> _Collected material_:

□ □ □ □

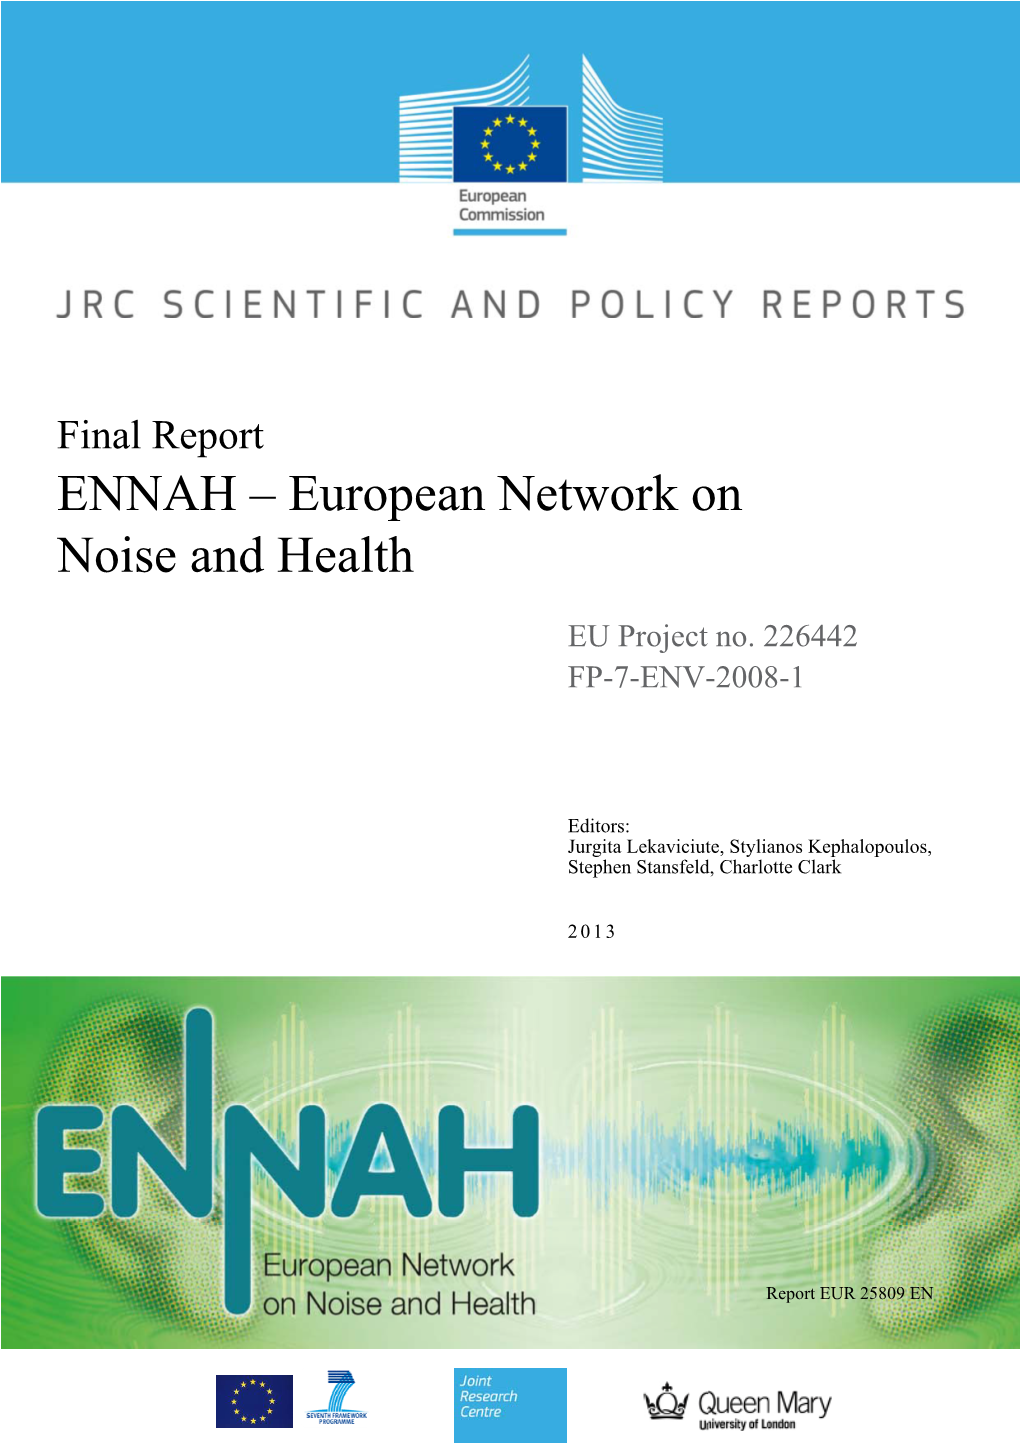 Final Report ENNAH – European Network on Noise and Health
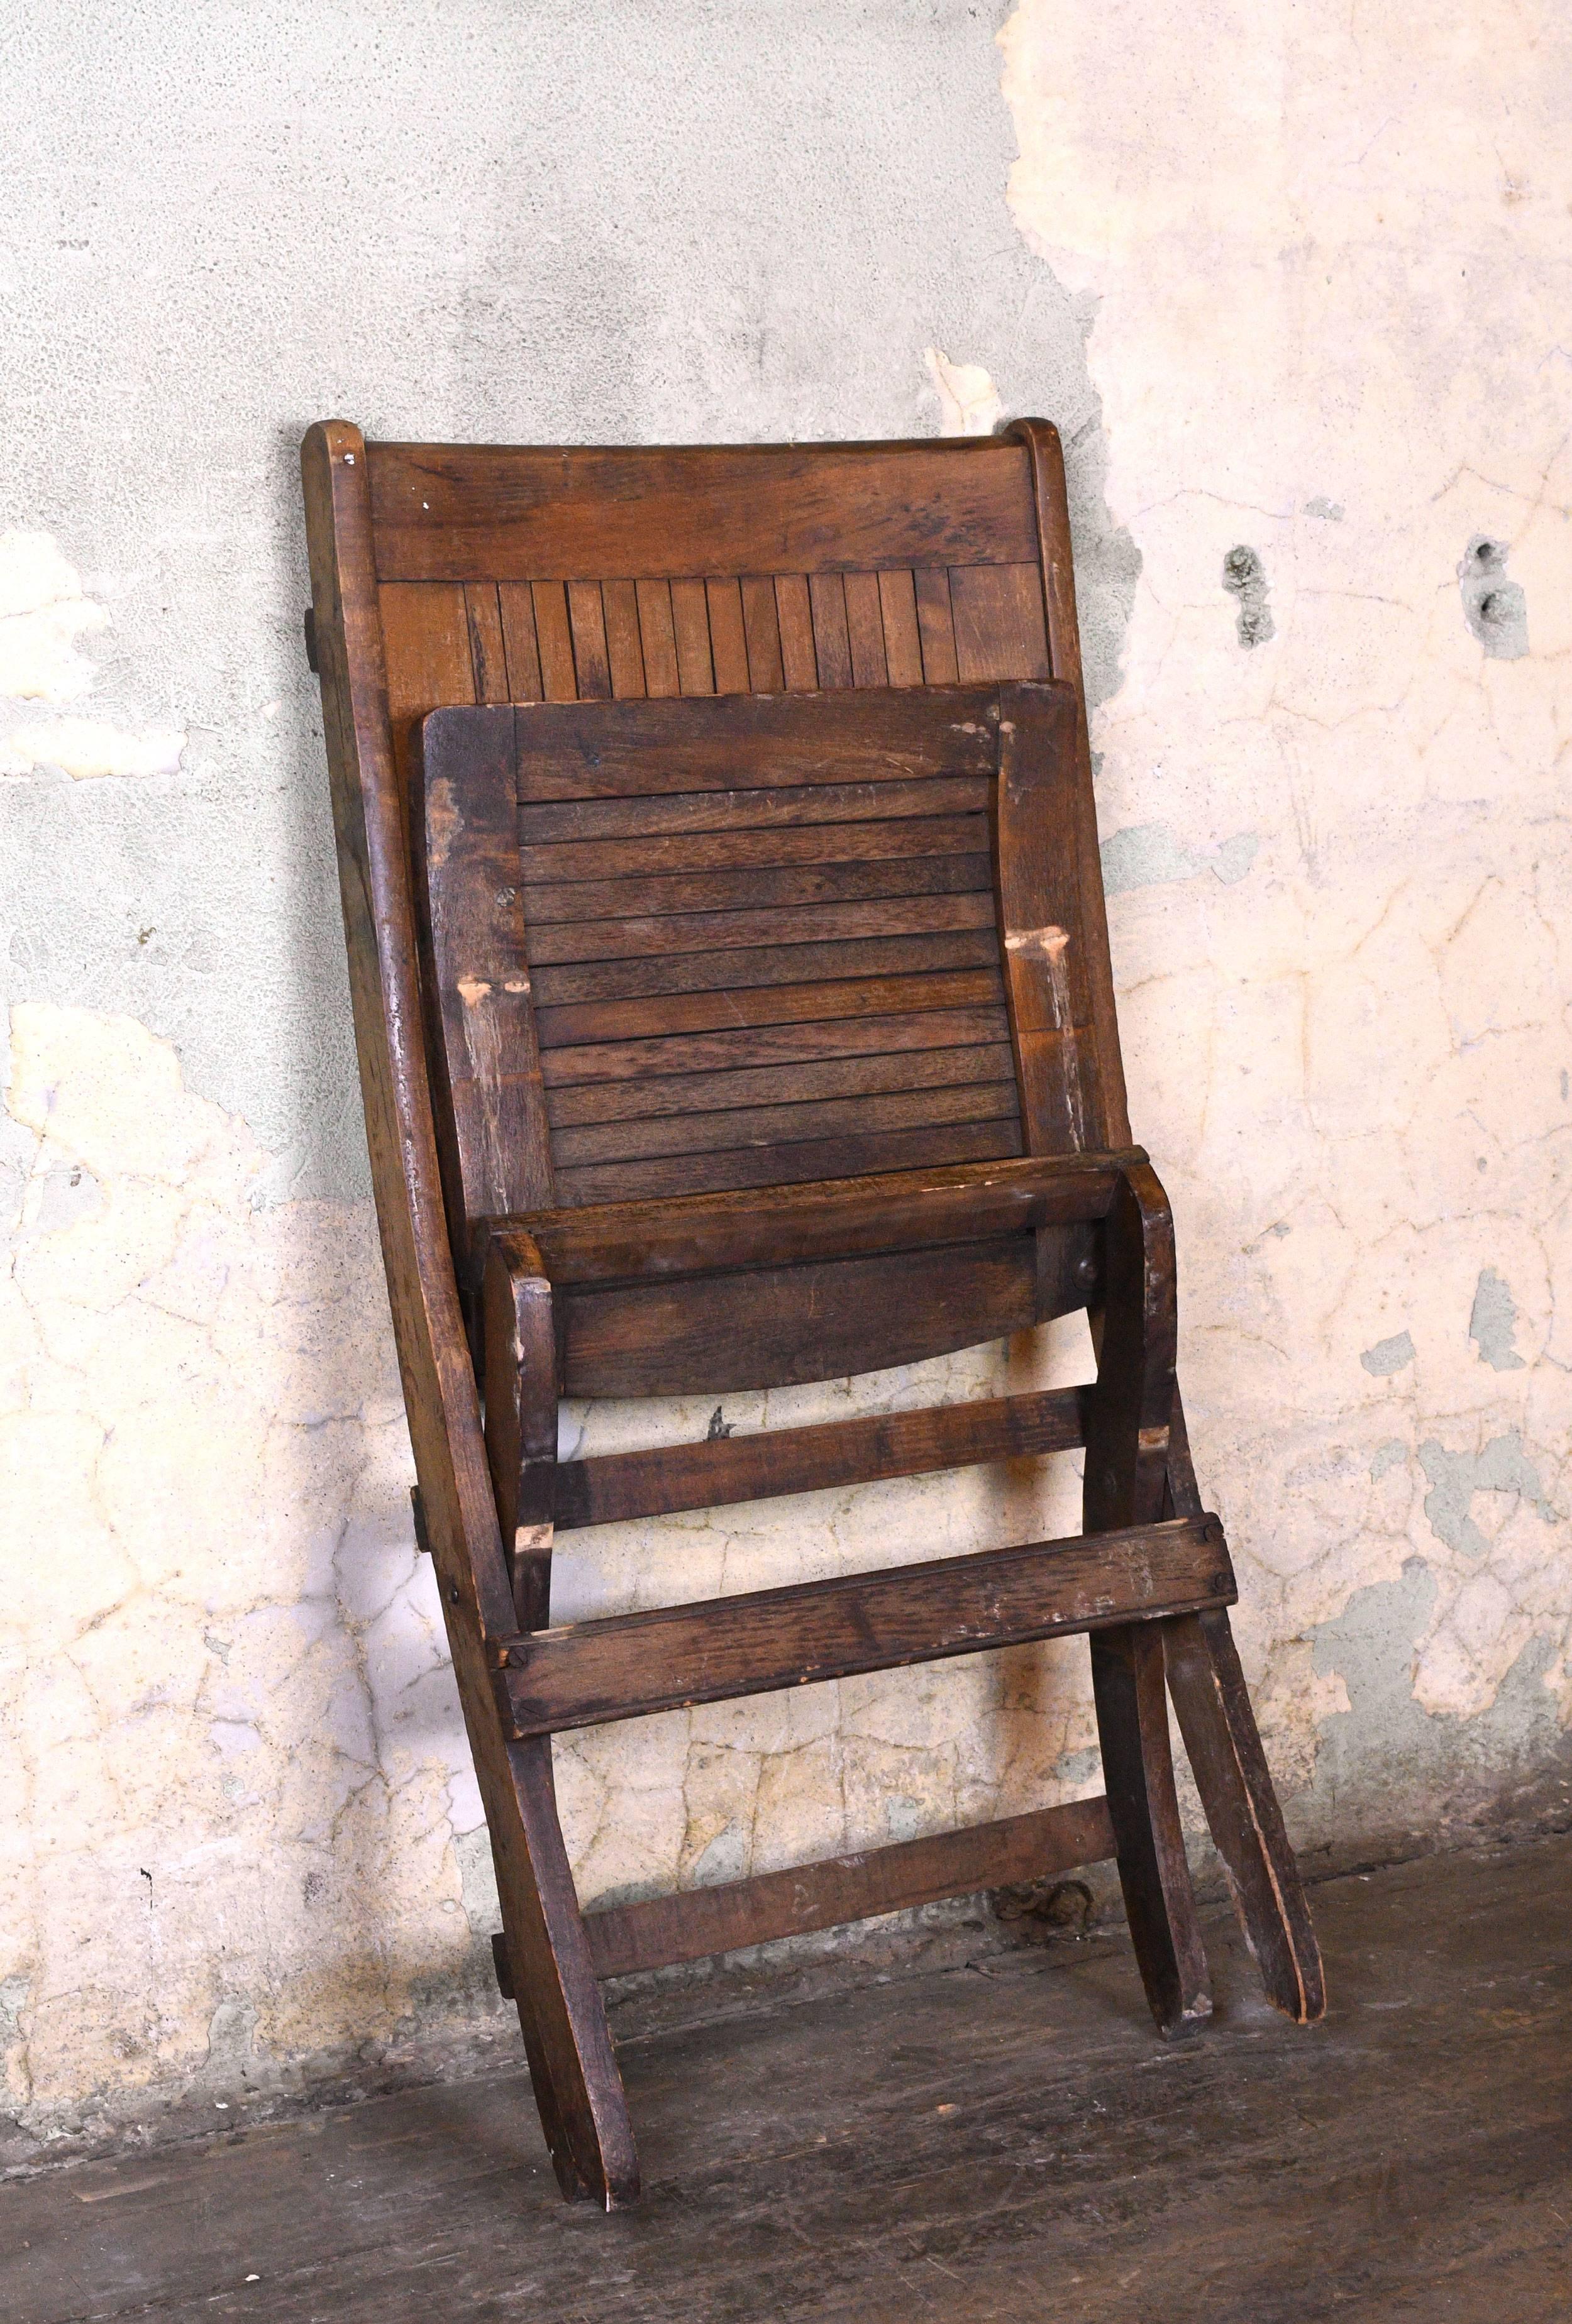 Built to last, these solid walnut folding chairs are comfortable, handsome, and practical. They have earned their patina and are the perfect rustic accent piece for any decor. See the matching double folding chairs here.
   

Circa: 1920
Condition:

□ □ □ □

> _Aim of the exercise_:
Repeat the listing above in full, exactly, and omit its pictures.

> _Result of this task_:
 Final Report ENNAH – European Network on Noise and Health
 Built to last, these solid walnut folding chairs are comfortable, handsome, and practical. They have earned their patina and are the perfect rustic accent piece for any decor. See the matching double folding chairs here.
   

Circa: 1920
Condition:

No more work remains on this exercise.